Thank you very much. You're very kind. I'll be brief.
The plan was, load the hives, start around six or seven o'clock in the evening, be on the road by eight o'clock, get to Sicamous, try to get six hours of sleep in, refuel, and then make the jump from Sicamous back to Stettler, which is under that 12-hour mark.
The way it actually went is that we started loading the bees at the time we said, but because of the rains and the snowmelt, the river in Keremeos was flooding, and in the farmer's field where the bees were, the river water came up high enough that it was blocking our egress out of the field. The beekeeper had to get all of his hives out of that field or else he wouldn't be able to get into them, so we had to load three trucks that night: a drop-deck; my truck, which is a tandem axle with a 32-foot deck on the back; and then another truck as well.

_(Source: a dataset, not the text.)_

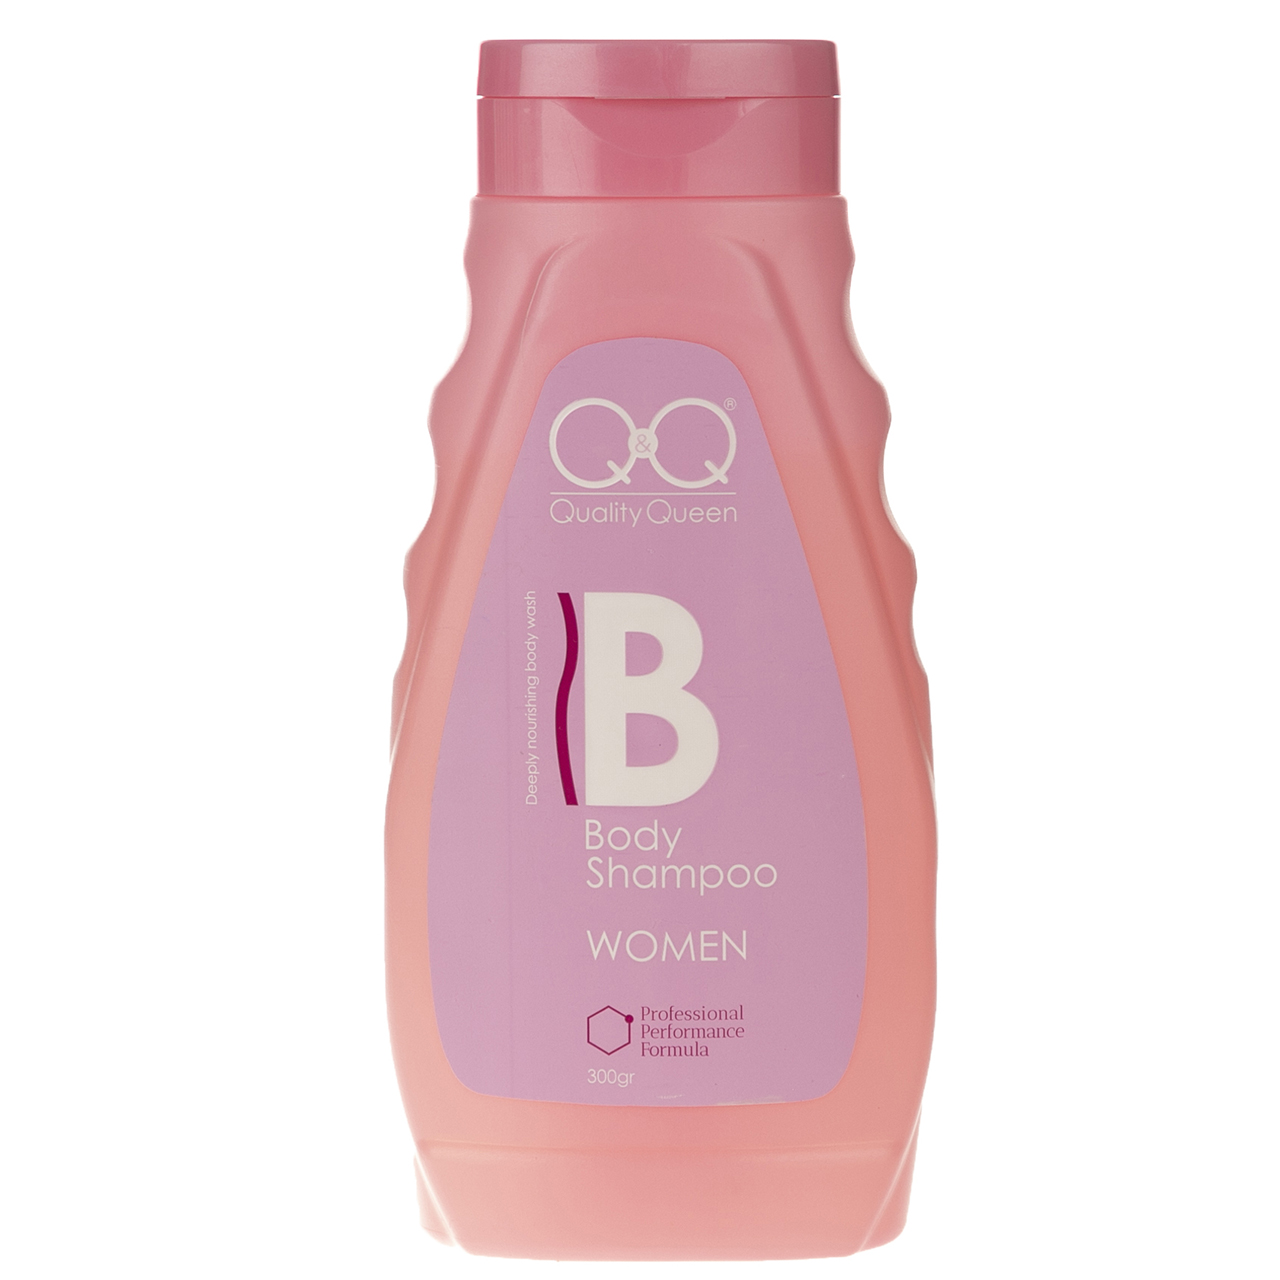 شامپو بدن کیو اند کیو مدل Quality Queen Pink حجم 300 میلی لیتر
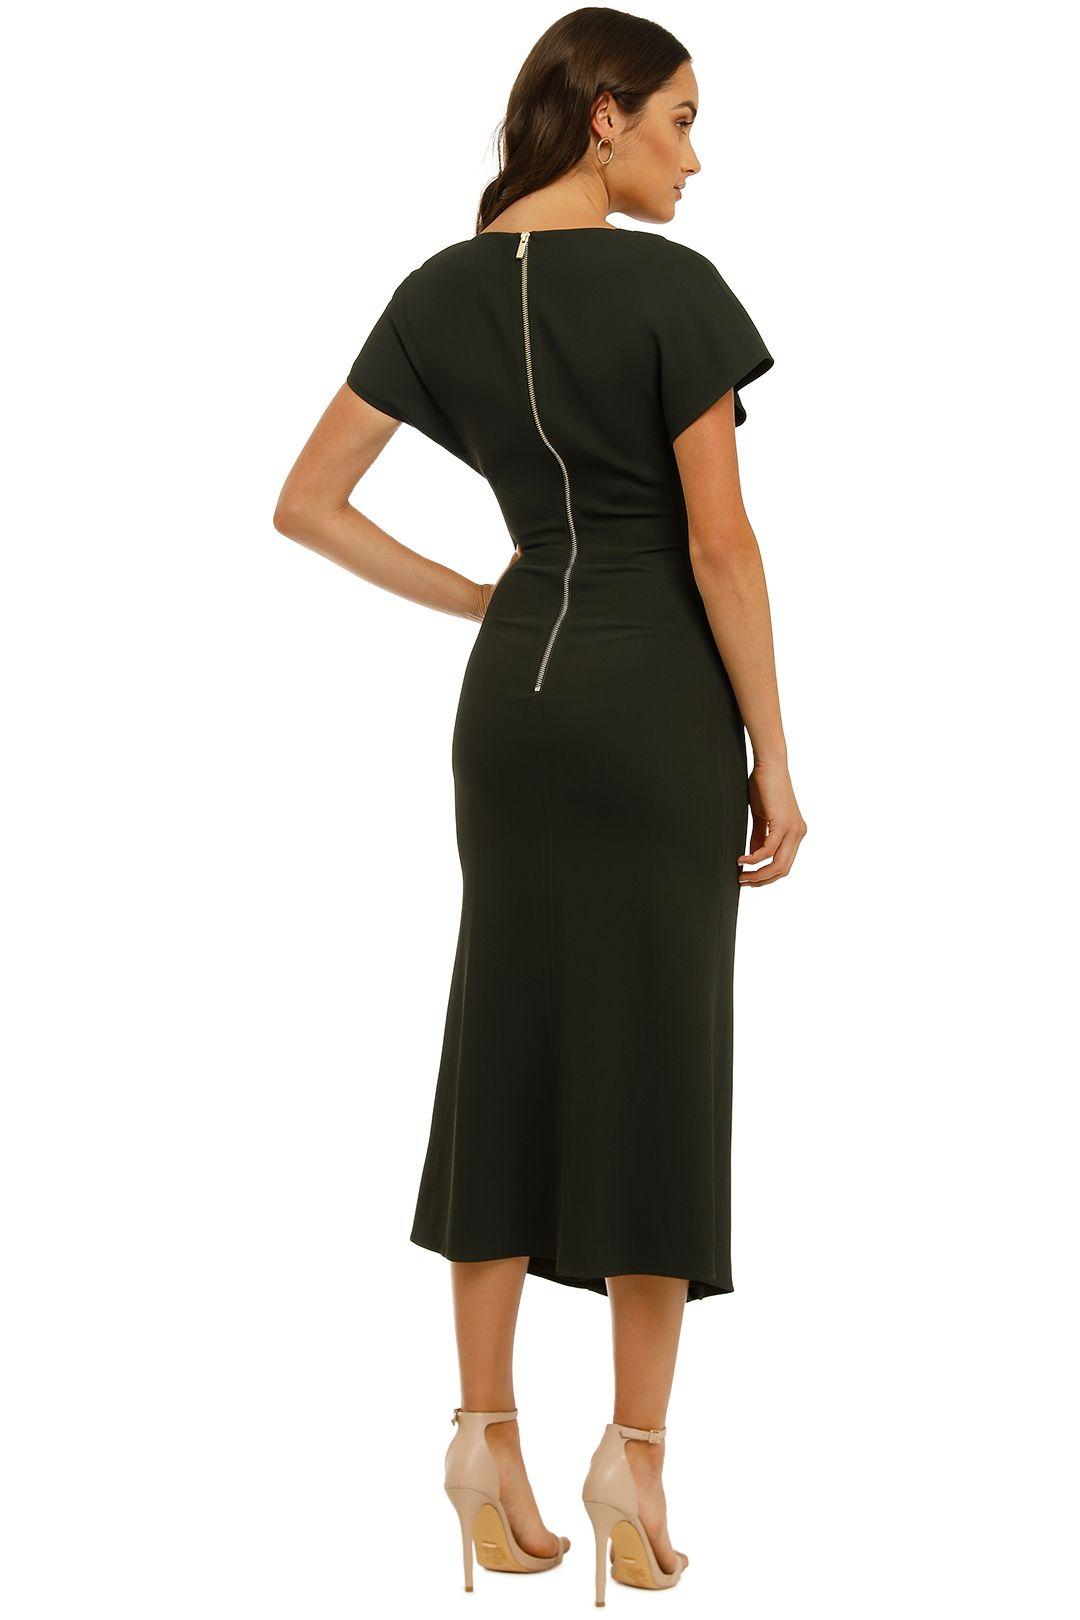 Ginger-and-Smart-Amplitude-V-Neck-Dress-Dark Kelp-Back

We got them all loaded, but when we tried to leave, the drop-deck tractor-trailer unit got stuck in the mud that was created by the river flowing through the field, and we were stuck there until three o'clock in the morning waiting for a trackhoe to come and pull us all out. That's how we finally got out.
At three o'clock in the morning, now I'm way behind. I'm still in Keremeos. I don't have the option of unloading my truck again, because then I have to wait until the next night to reload again to keep going. It wasn't likely that the river was going down, so I got up, got out of the field, drove down the road a little ways to the first gas station I could come to, refuelled, slept in my truck for an hour and a half, and then hit the road.
On the way home, we hit construction in the Kicking Horse Pass, but because I had bees on the back, I stopped about half a mile back behind the rest of the cars and turned my flashers on. I ran to the front of the line. I can't be stopped on the side of the road for very long because I'm going to have a cloud of bees flying around, and for anyone who has their windows open, there's a high probability they're going to get stung. There's 10% of the population who will go into an anaphylactic reaction if they get stung by bees.
The construction company realized that, so they radioed in and they gave me special permission to drive through the construction zone, passing all the other traffic that was stopped there.
For a well-planned trip, what should have been well within the requirements for hours of operation, I ended up putting in a 16-hour day to finally get home back to Stettler. It's not fun.
Again, the point is that we're hauling bees. I only do three or four runs like that a year. I can have a log in my truck, but for three or four runs.... The rest of it is all under provincial guidelines. The danger is not necessarily just the tired driver; there are other dangers and other things that need to be taken into consideration when you're looking at hours of service.
With the bees, we have to take into consideration that when we're driving, even if our loads are netted, we have escapes. What's going to happen when you stop for even two or three minutes during daylight hours? What other dangers are we going to present to the travelling public?